I just bought Asus Ascent : Nvidia GB10 (DGX) and It is slower than my Ryzen Ai Max
Posted by Voxandr@reddit | LocalLLaMA | View on Reddit | 43 comments
It is suppose to be 2-4x faster but i am only getting 6TK/s on Gemma4-31B . What am i doing wrong?
- Infrence engine : llama-cpp latest as of 15th May 2026 , built my own via https://ggml.ai/dgx-spark.sh
- Tested models
- Step3.5-Apex-I-Quality - DGX - 27 tk/s , AI-Max 30 tk/s
- gemma-4-31B-it-UD-Q8_K_XL - 6.19 tk/s , AI-Max 7.10 tk/s
Config:
llama-server --models-preset /home/dgx/models/models.ini --models-dir /home/dgx/models/ --host 0.0.0.0 --port 8080 --models-max 1 --parallel 1
model.ini:
[*]
threads = 12
flash-attn = on
mlock = off
mmap = off
fit = on
warmup = on
; batch-size = 4096
; ubatch-size = 512
cache-type-k = q8_0
cache-type-v = q8_0
jinja = true
direct-io = on
cache-prompt = true
cache-reuse = 256
cache-ram = 32768
reasoning-format = auto
n-gpu-layers = 999
dtdisapointingresult@reddit
Spark and Strix Halo have identical token generation in all benchmarks I've seen before I bought mine. Only Prompt Processing is faster on the Spark (significantly so).
Don't try to use 31B without MTP, that's a free 50% speed boost you're leaving on the table.
laul_pogan@reddit
The 2-4x claim is for prefill (prompt processing), not decode. Single-token decode is purely memory bandwidth limited, and both machines sit around 270-279 GB/s LPDDR5X, so you will always land within 10-15% of each other there. The GB10's extra compute (GPU tensor cores) only helps when you are processing tokens in parallel.
To see the actual gap: benchmark prefill throughput on a 4k-8k token prompt at batch size 1. On the Spark you will see 3-5x faster prompt processing vs the AI Max. For interactive single-stream chat, the hardware is roughly equivalent. The marketing was not wrong, just measuring a different thing than you are.
PositiveBit01@reddit
Check out https://github.com/spark-arena/sparkrun
But it's not 2-4x faster. It has more compute but both the spark and ai max machines are memory bound by the "slow" unified memory compared to gddr and they have the same memory bandwidth so you'll see similar results.
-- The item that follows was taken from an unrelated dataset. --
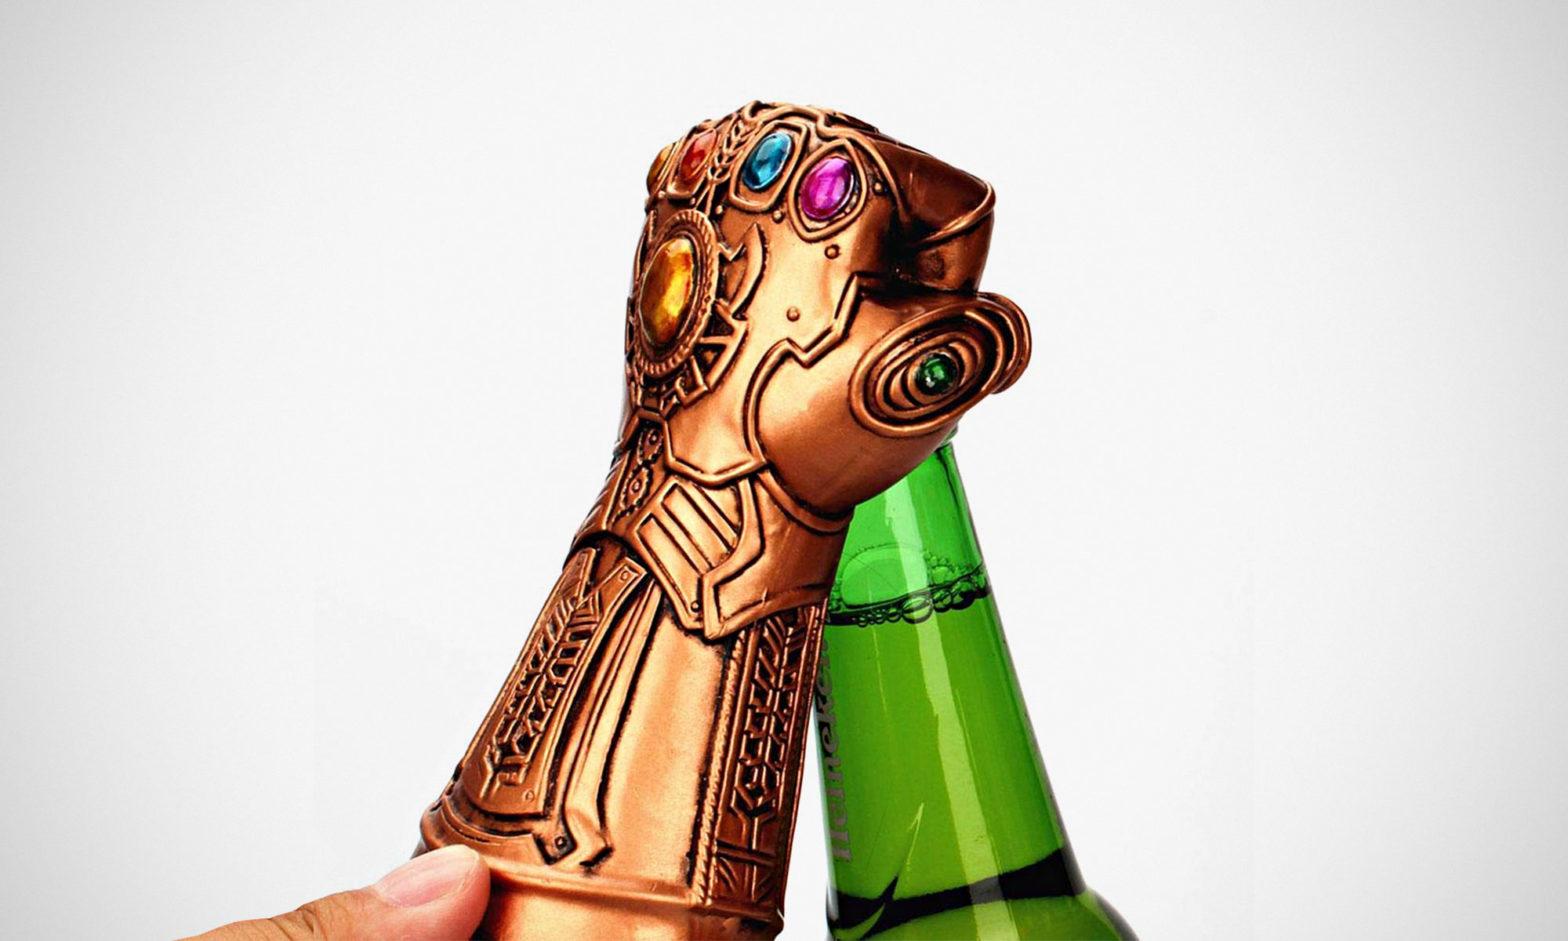 Thanos Infinity Gauntlet Bottle Opener

Prompt processing should be faster, though. Token generation will be similar.
Voxandr@reddit (OP)
Thanks a lot , cheking it out and surpised that there are only a few NVFP4 models.
PositiveBit01@reddit
Yeah... read more about NVFP4 on the spark. It's still in development as far as I know. There are some people that have changed that makes it work but out of the box it'll fall back to a slow backend (unless this changed recently).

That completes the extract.